Why Not Just GEMM? The Evolution of Matrix Multiplication APIs

The classic BLAS GEMM computes $C = \alpha A B + \beta C$ for Float32/Float64 matrices. It's a powerful primitive, but the workloads that dominate modern compute — LLM inference, vector search, quantum simulation — expose three ways in which the traditional GEMM interface falls short.

Frozen weights justify separating packing from computation. During LLM inference, a very large share of GEMM calls use a static weight matrix — weights don't change after loading. This makes offline repacking a one-time cost amortized over the entire serving lifetime: NVIDIA's TurboMind explicitly splits GEMM into offline weight packing (hardware-aware layout conversion) and online mixed-precision computation, and Intel MKL's packed GEMM API exposes the same two-phase pattern. NumKong's nk_dots_pack_*nk_dots_packed_* path follows this philosophy — pack the weight matrix once, reuse it across all queries.

Mixed precision demands more than an epilogue addition. Modern transformer layers operate in a precision sandwich: weights stored in BFloat16/Float8, GEMM accumulated in Float32, output downcast back to BFloat16 for the next layer. Between GEMM calls, LayerNorm or RMSNorm re-normalizes hidden states, so the next layer is often much closer to an angular or normalized similarity computation than to a plain raw dot product. nGPT takes this to its logical conclusion: all vectors live on the unit hypersphere, and every matrix-vector product is a pure angular distance. This means many "GEMM" workloads in production are semantically closer to many-to-many angular distance computation — which is exactly what NumKong's angulars_packed and euclideans_packed kernels compute directly, fusing norm handling and type conversion into a single pass.

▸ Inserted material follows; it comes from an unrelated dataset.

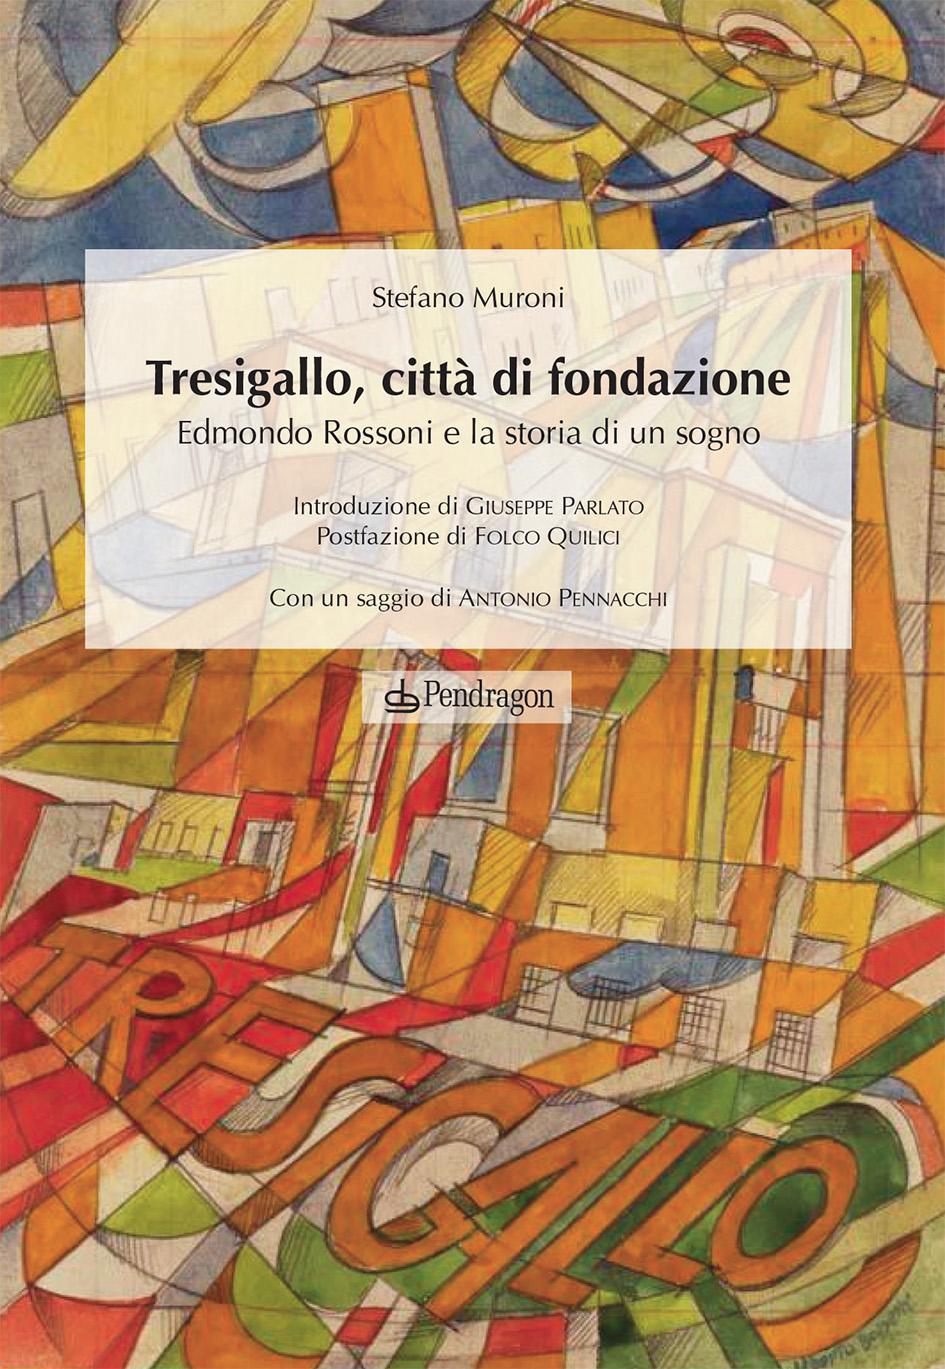 Tresigallo città di Fondazione - libro di Stefano Muroni

The GEMM-for-distances trick has real costs. A common shortcut in vector search is to decompose pairwise Euclidean distance as $|a - b|^2 = |a|^2 + |b|^2 - 2 \langle a, b \rangle$, precompute norms, and call sgemm for the inner-product matrix. Both FAISS and scikit-learn use this approach — and both document its limitations. Scikit-learn's docs warn of "catastrophic cancellation" in the subtraction; this has caused real bugs with ~37% error on near-identical Float32 vectors. The $O(N^2)$ postprocessing pass (adding norms, square roots, divisions) is not free either — NVIDIA's RAFT measured a 20–25% speedup from fusing it into the GEMM epilogue. Even FAISS switches to direct SIMD when the query count drops below 20. The standard BLAS interface was never designed for sub-byte types either — no vendor supports Int4, and sub-byte types cannot even be strided without bit-level repacking.

Some operations need more than GEMM + postprocessing. NumKong implements several GEMM-shaped operations where the "epilogue" is too complex for a simple addition:

  • Bilinear forms ($a^T C b$) in quantum computing compute a scalar expectation value — the naive approach materializes an $N$-dimensional intermediate vector $Cb$, but NumKong's typed nk_bilinear_* kernels stream through rows of $C$ with nested compensated dot products, never allocating beyond registers. For complex-valued quantum states, where the intermediate would be a 2N-element complex vector, the savings double.
  • MaxSim scoring for ColBERT-style late-interaction retrieval computes $\sum_i \min_j \text{angular}(q_i, d_j)$ — a sum-of-min-distances across token pairs. A GEMM would produce the full $M \times N$ similarity matrix, but NumKong's typed nk_maxsim_packed_* kernels fuse a coarse Int8-quantized screening with full-precision angular refinement on winning pairs only, packing both query and document matrices to enable all 4 SME tiles as accumulators (+33% throughput vs dots_packed). PLAID and maxsim-cpu have independently shown that dedicated MaxSim kernels outperform the GEMM decomposition by 5–10x.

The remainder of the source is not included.